JP2010058609A - Vehicular power supply device - Google Patents

Abstract

<P>PROBLEM TO BE SOLVED: To provide a vehicular power supply device which is free from resistance loss in the connection between cells of an electric double layer capacitor and energy loss for suppressing voltage dispersion in a plurality of cells, and in which functional failure due to the drop of the power supply voltage does not occur even when rush current of a motor or the like is generated. <P>SOLUTION: The vehicular power supply device comprises one electric double-layer capacitor C connected parallel to a battery B, a voltage detection means 10 for detecting the voltages applied from the battery B to loads 3, 19, a means 9 for determining whether or not the detected voltage is higher than the first voltage equal to or higher than the voltage to be output by the battery B at SOC (State Of Charge) 0%, a voltage dropping means 8 for dropping the voltage and applying it to the electric double-layer capacitor C when it is determined that the detected voltage is higher than the first voltage, a means 9 for determining whether or not the voltage detected by the voltage detection means 10 is lower than the second voltage lower than the first voltage, and a boosting means 8 which boosts the output voltage of the electric double-layer capacitor C and applies it to the loads 3, 19 when it is determined that the detected voltage is lower than the second voltage. <P>COPYRIGHT: (C)2010,JPO&INPIT

Description

  The present invention relates to a vehicle power supply device that includes a battery that is charged with power generated by a generator in conjunction with an engine, and that supplies power discharged from the battery and power generated by the generator to a load.

In the vehicle power supply device, the power generated by the generator linked to the engine is supplied to each load mounted on the vehicle, and the battery is charged. When the power generated by the generator is insufficient, the engine is stopped. In this case, power is supplied from the battery to each load.
Recently, electric double layer capacitors that have a very large capacitance of several tens of farads or more and are excellent in charge / discharge cycle characteristics (lifetime) and rapid charge / discharge have become widespread. It has been proposed for use.

In Patent Document 1, the power from the ACC power source connected to the ACC (accessory) power source and the ACC power source connected to the ACC power source and supplied to the car navigation system has become a predetermined value or less. In particular, a voltage-dependent vehicle-mounted device including a capacitor bank that supplies power to a car navigation system is disclosed. In response to a momentary power failure of the ACC power supply accompanying the restart of the engine, power is instantaneously supplied from the capacitor bank to the car navigation system, so that the car navigation system is not affected by the momentary power failure.
JP 2005-199739 A

In the electric double layer capacitor, the charge / discharge voltage is not constant, and changes linearly in the range of about 0 to 2.5V. For this reason, when used for a vehicle power source, a plurality of electric double layer capacitor cells are connected in series, including the case of the above-described voltage-dependent in-vehicle device.
However, when a plurality of electric double layer capacitor cells are connected in series, there is a problem that resistance loss occurs between the cells. In addition, in order to suppress voltage variation between cells, it is necessary to connect resistors in parallel to the respective cells. Since current always flows through these resistors, there is a problem that energy loss occurs.

Further, in the vehicle power supply device, when a load such as a motor is started when a headlamp, an air conditioner, a seat heater, a defogger, etc. are used and the load is excessive, There is a problem that the power supply voltage is temporarily lowered and the load may not function properly depending on the load.
The present invention has been made in view of the above-described circumstances, and there is no loss of resistance for inter-cell connection of an electric double layer capacitor and energy loss for suppressing voltage variation in a plurality of cells. It is an object of the present invention to provide a vehicular power supply device that does not cause malfunction due to a drop in power supply voltage even when an inrush current occurs.

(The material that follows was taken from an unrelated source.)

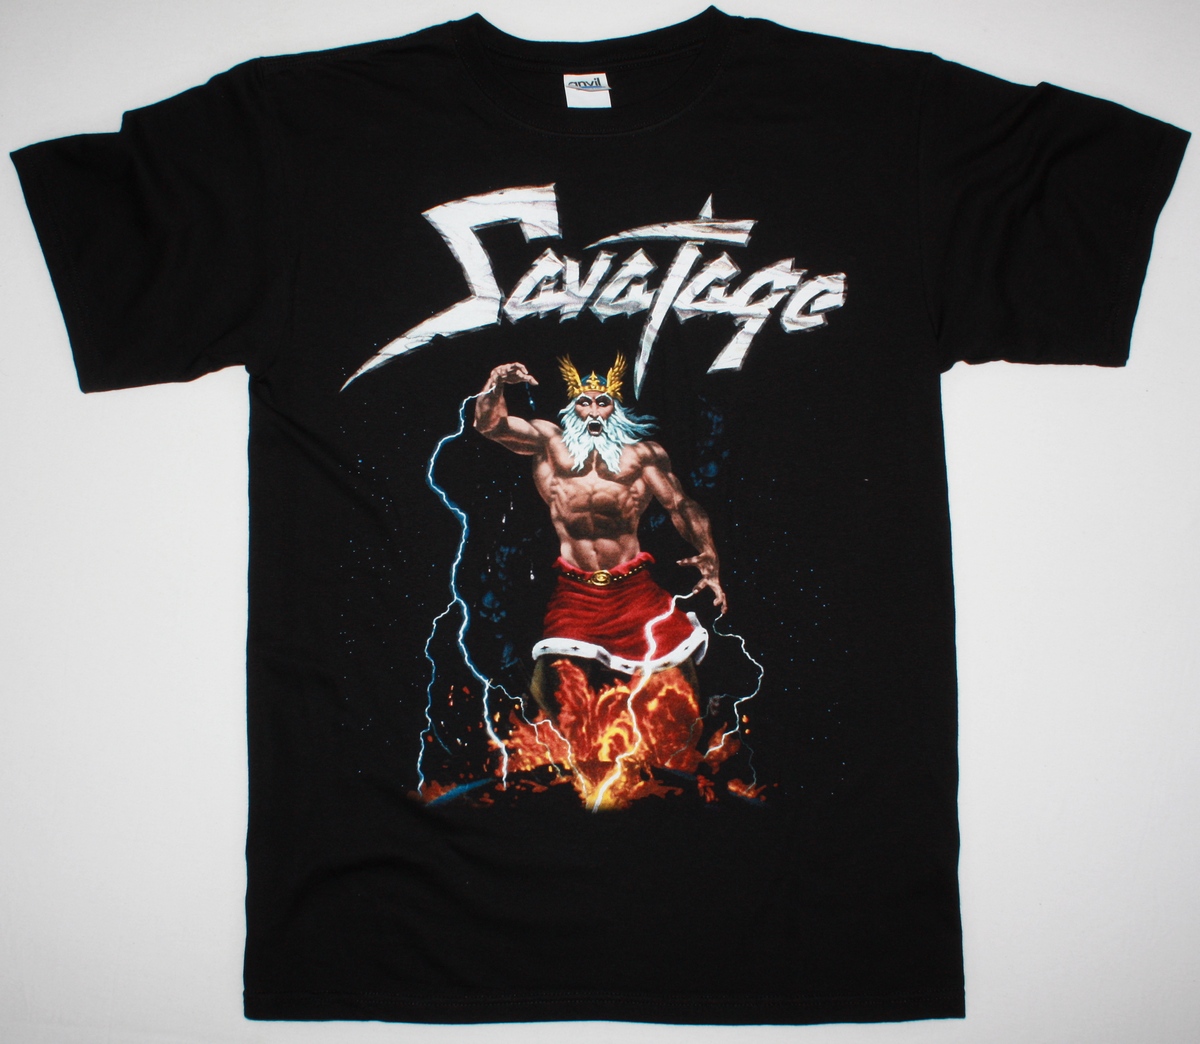 Rock DEVASTATION OLIVA HEAVY T-shirts Best T- SHIRT SAVATAGE BLACK PROGRESSIVE METAL TOTAL NEW JON -

  A power supply device for a vehicle according to a first aspect of the present invention includes a battery that is charged by electric power generated by a generator linked to an engine, and that supplies electric power discharged from the battery and electric power generated by the generator to a load. In the power supply apparatus for a vehicle, one electric double layer capacitor connected in parallel to the battery, voltage detection means for detecting a voltage applied from the battery to the load, and a voltage detected by the voltage detection means are represented by SOC (State Means for determining whether or not the battery is higher than the first voltage that is equal to or higher than the voltage to be output when the battery is 0%, and the applied voltage when the means is determined to be higher than the first voltage. A step-down unit that steps down the voltage and applies the voltage to the electric double layer capacitor; a unit that determines whether the voltage detected by the voltage detection unit is lower than a second voltage that is lower than the first voltage; There when it is determined to be lower than the second voltage, characterized in that it comprises a step-up means to be supplied to the load by boosting the output voltage of the electric double layer capacitor.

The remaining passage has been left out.